* [Data segment]:
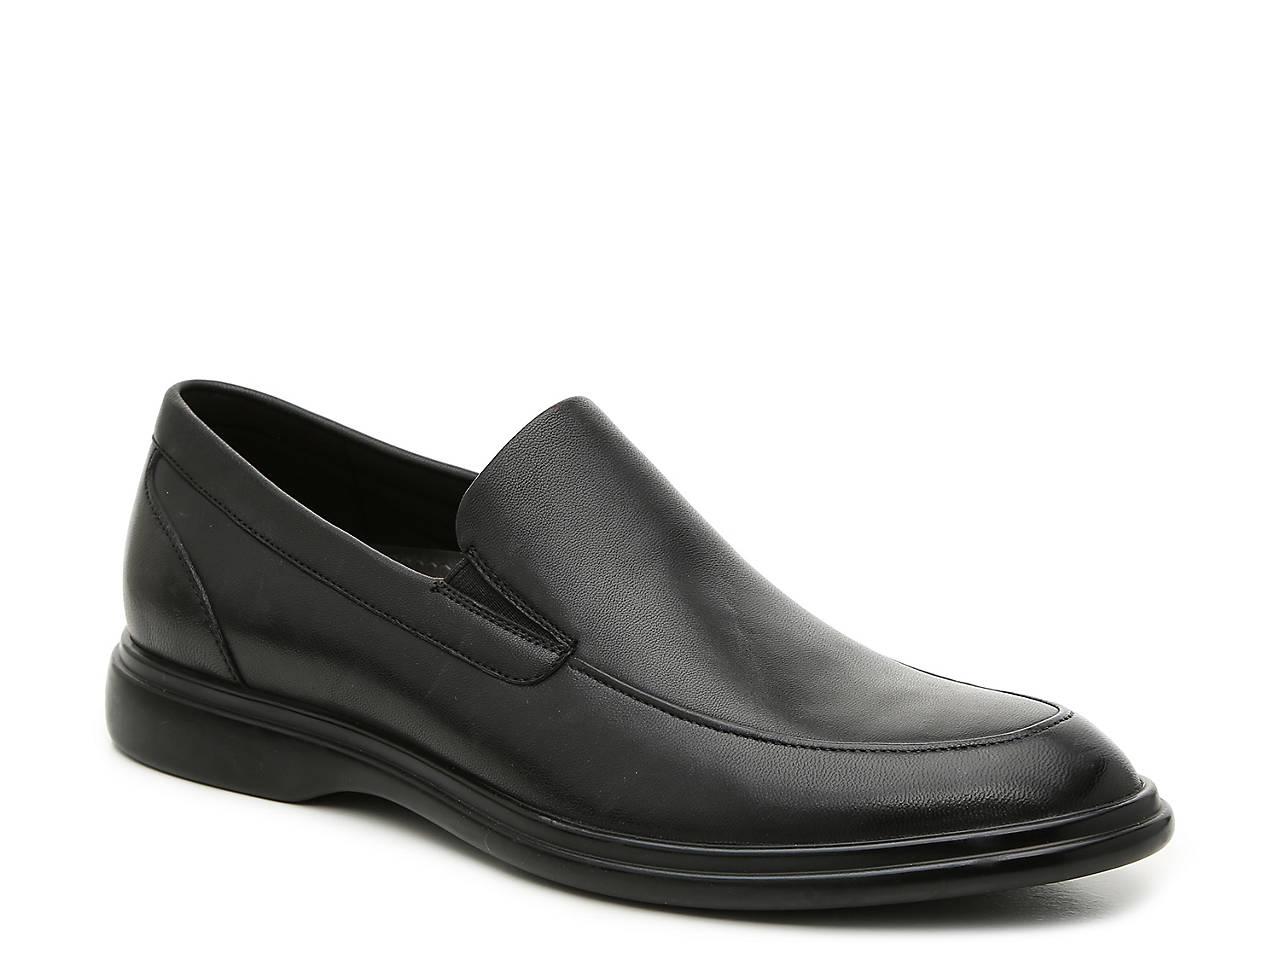 bca8b3181824 CS Tandem Justin Slip-On Men s Shoes
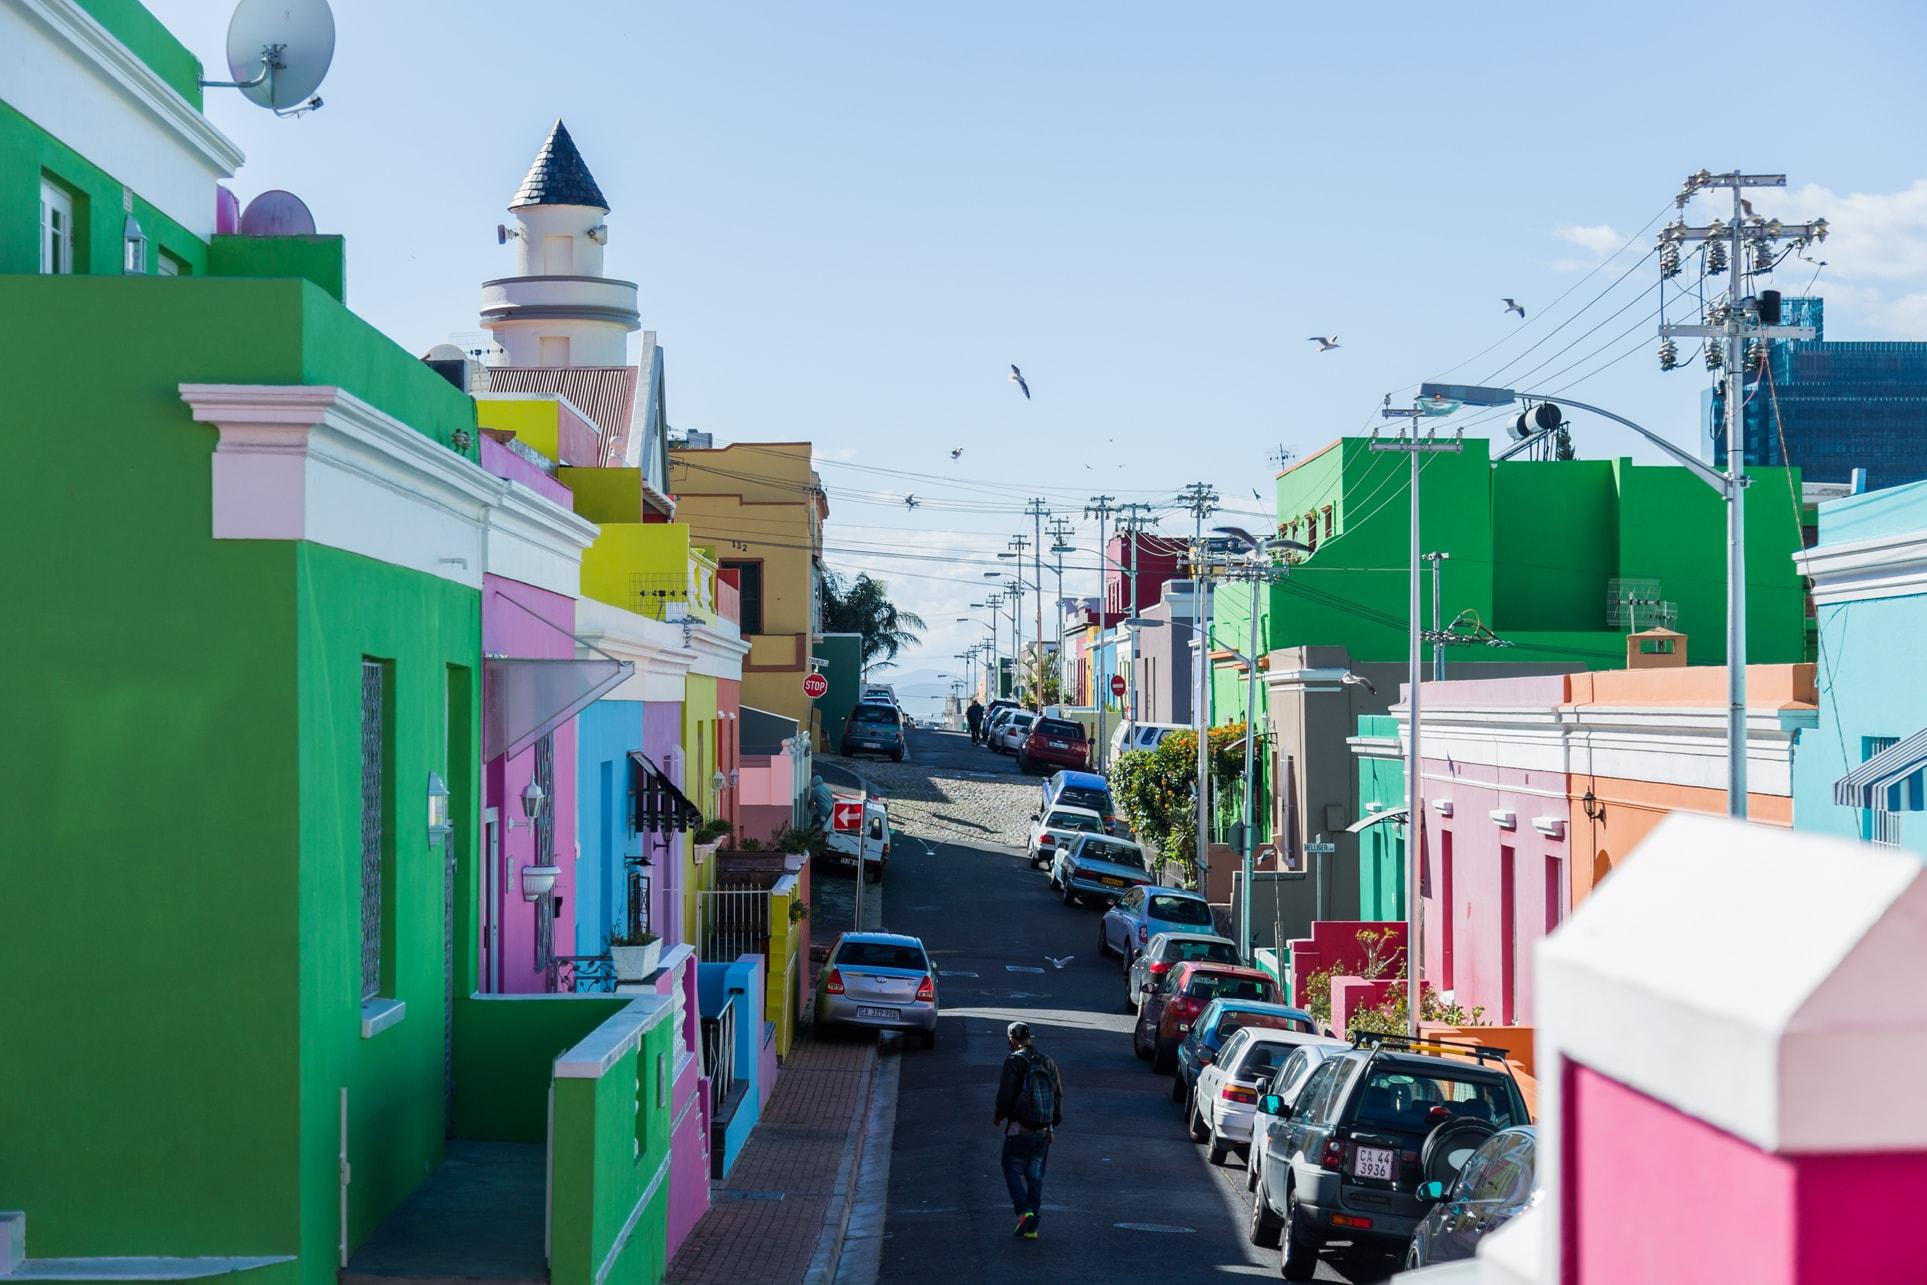 Ta1 op Attractions - Bo Kaap - Bo-Kaap-Neighborhood-Street-Cars-Houses.jpg-min.jpg
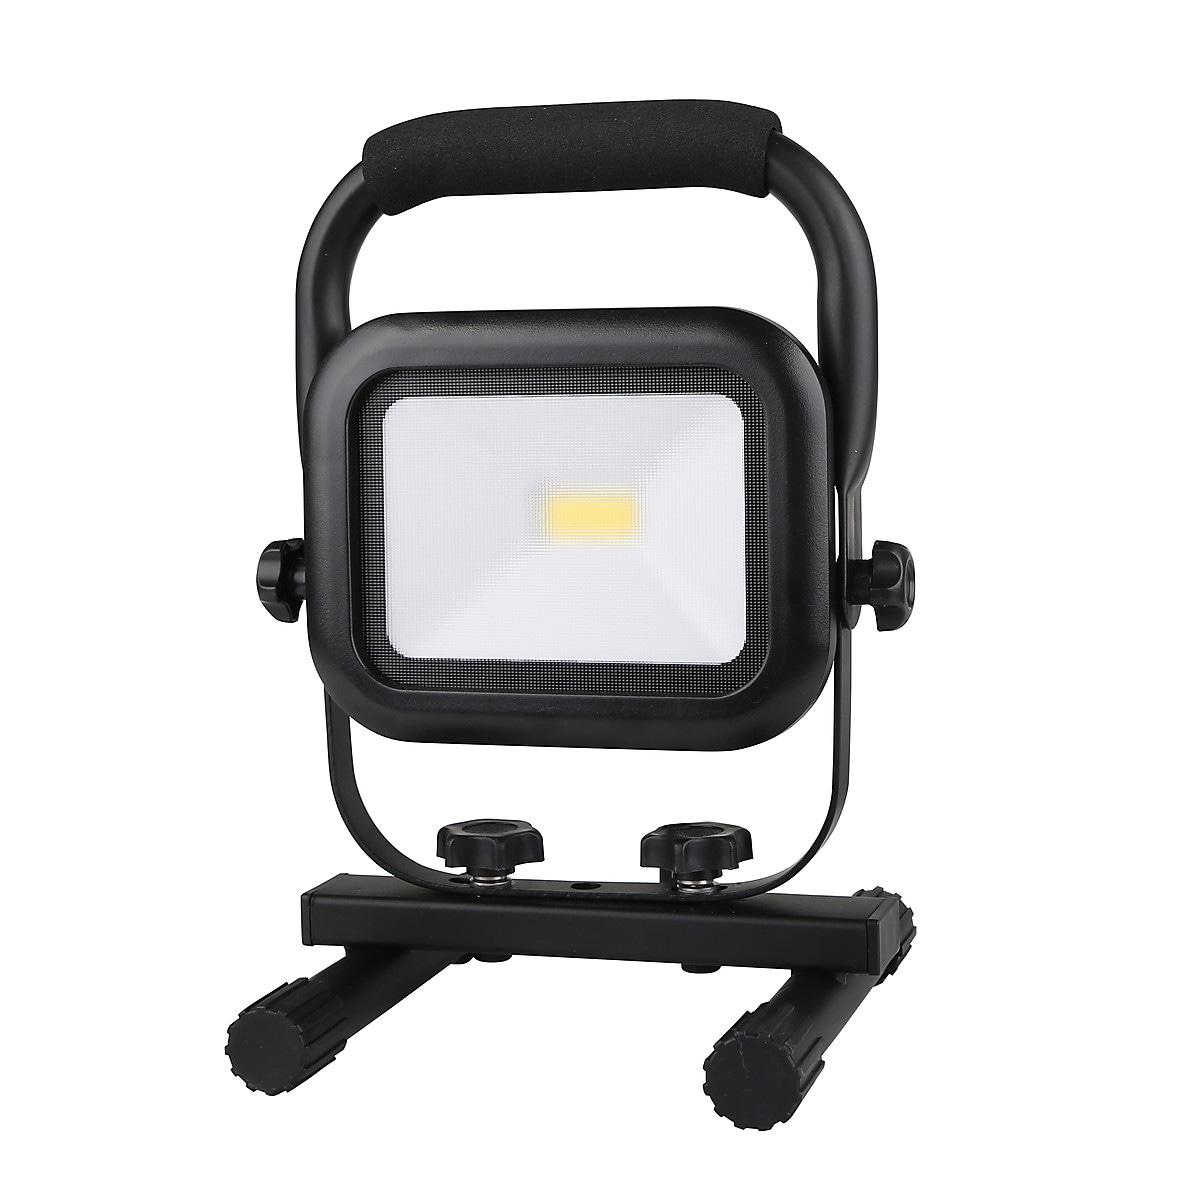 LED-valonheitin 15 W, 1270 lm

* [Problem]: In this exercise, set down all of the data exactly, without the pictures.

* [Response to the exercise]:
 bca8b3181824 CS Tandem Justin Slip-On Men s Shoes
 Ta1 op Attractions - Bo Kaap - Bo-Kaap-Neighborhood-Street-Cars-Houses.jpg-min.jpg
 LED-valonheitin 15 W, 1270 lm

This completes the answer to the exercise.